This thesis is an investigation into axiomatic categorical domain theory as needed for the denotational semantics of deterministic programming languages.

To provide a direct semantic treatment of non-terminating computations, we make partiality the core of our theory. Thus, we focus on categories of partial maps. We study representability of partial maps and show its equivalence with classifiability. We observe that, once partiality is taken as primitive, a notion of approximation may be derived. In fact, two notions of approximation, contextual approximation and specialisation, based on testing and observing partial maps are considered and shown to coincide. Further we characterise when the approximation relation between partial maps is domain-theoretic in the (technical) sense that the category of partial maps Cpo-enriches with respect to it.

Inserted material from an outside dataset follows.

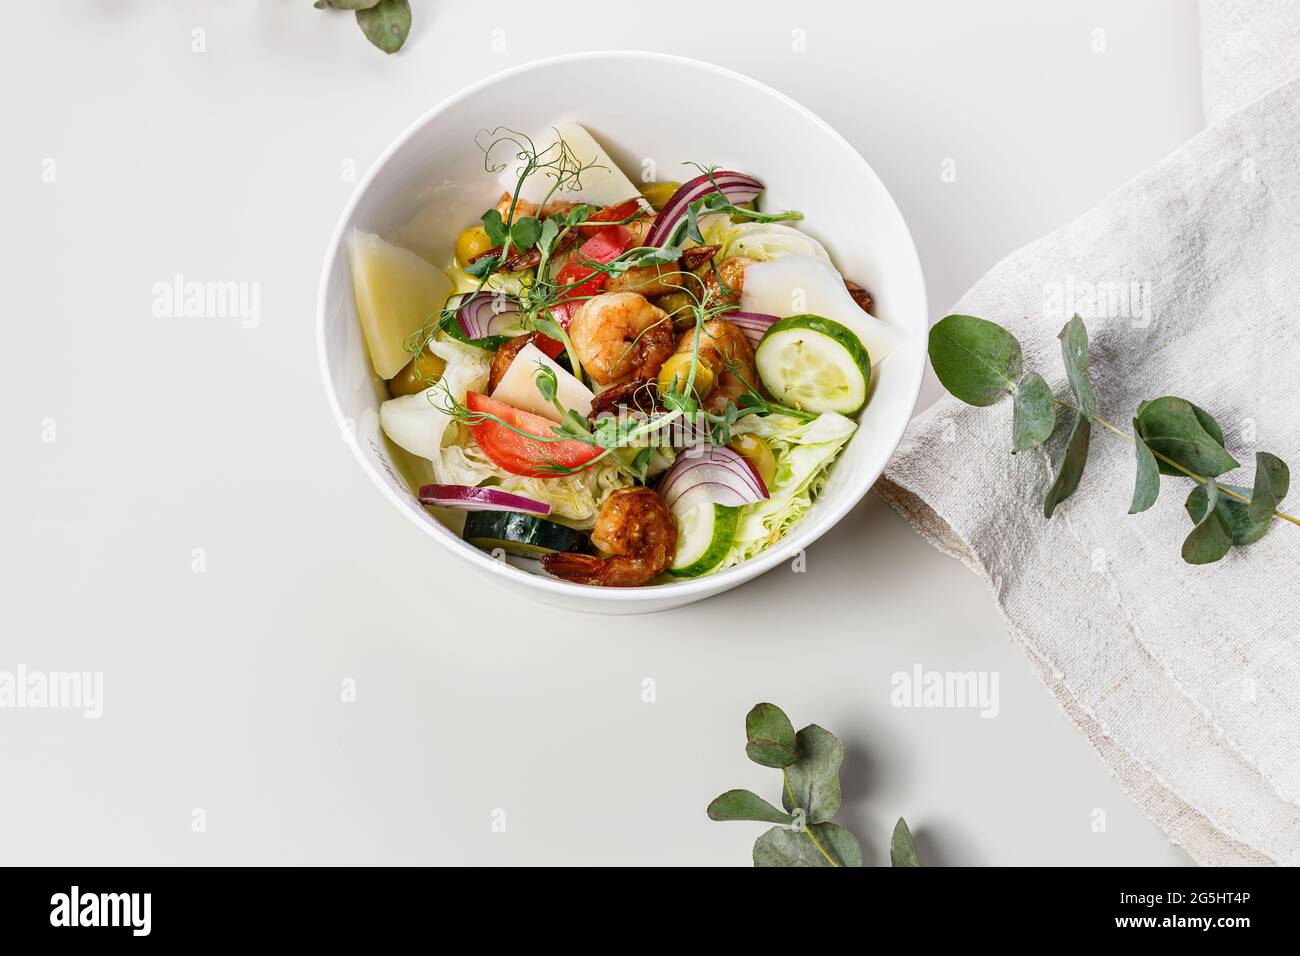 Salade d'été en gros plan avec légumes frais et fruits de mer sur fond blanc. Légumes de saison, crevettes et fromage de chèvre. Mediterr. Santé Banque D'Images
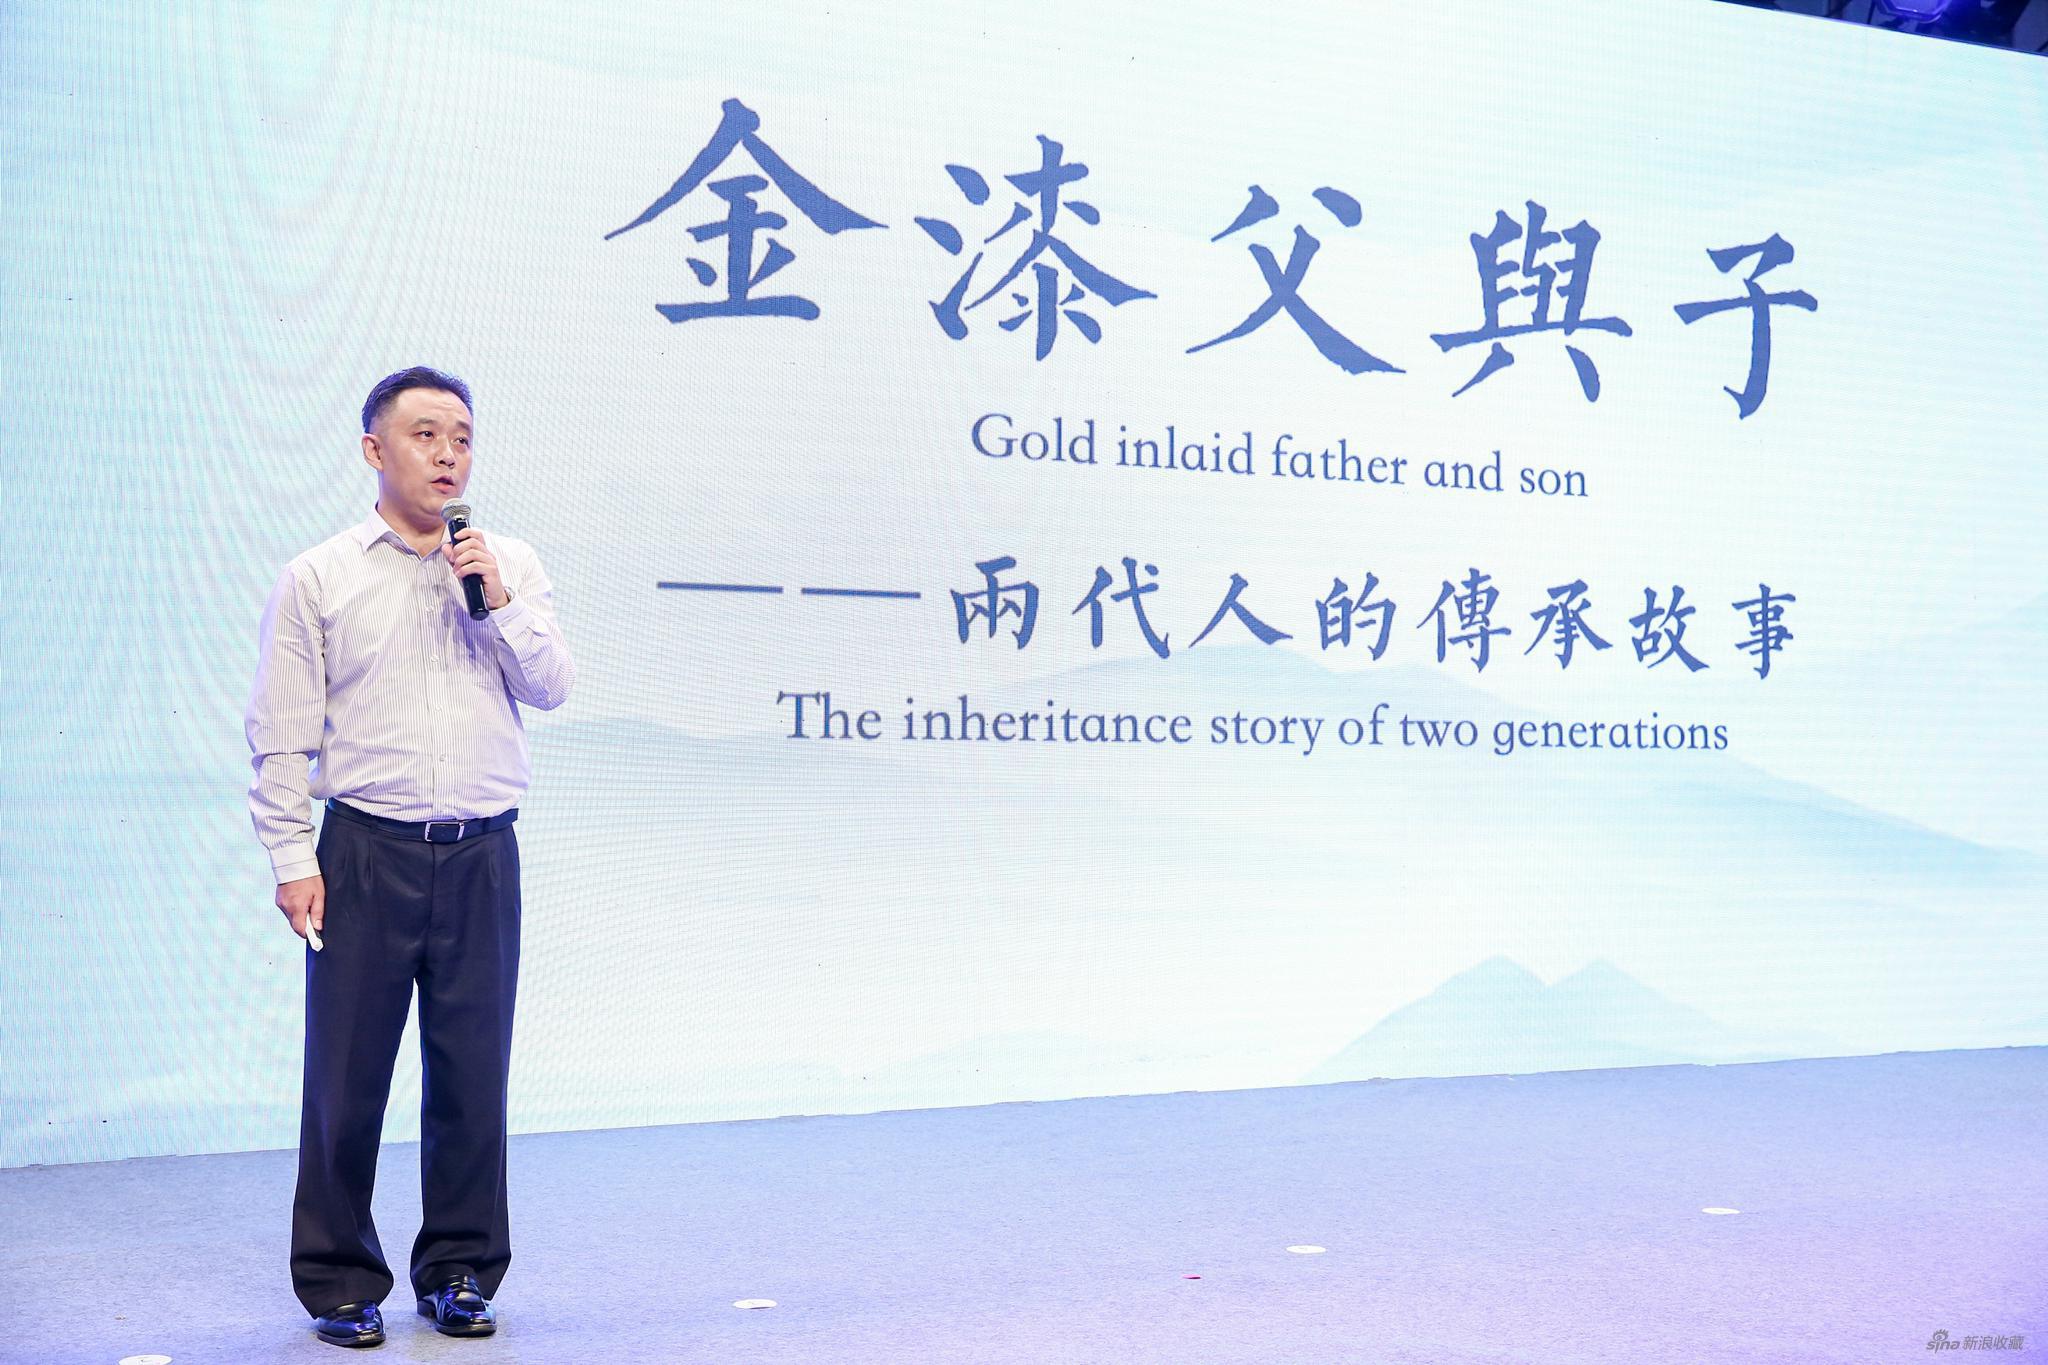 北京金漆镶嵌有限责任公司董事长柏群演讲《金漆父与子》

Concerning the semantics of type constructors in categories of partial maps, we present a characterisation of colimits of diagrams of total maps; study order-enriched partial cartesian closure; and provide conditions to guarantee the existence of the limits needed to solve recursive type equations. Concerning the semantics of recursive types, we motivate the study of enriched algebraic compactness and make it the central concept when interpreting recursive types. We establish the fundamental property of algebraically compact categories, namely that recursive types on them admit canonical interpretations, and show that in algebraically compact categories recursive types reduce to inductive types. Special attention is paid to Cpo-algebraic compactness, leading to the identification of a 2-category of kinds with very strong closure properties.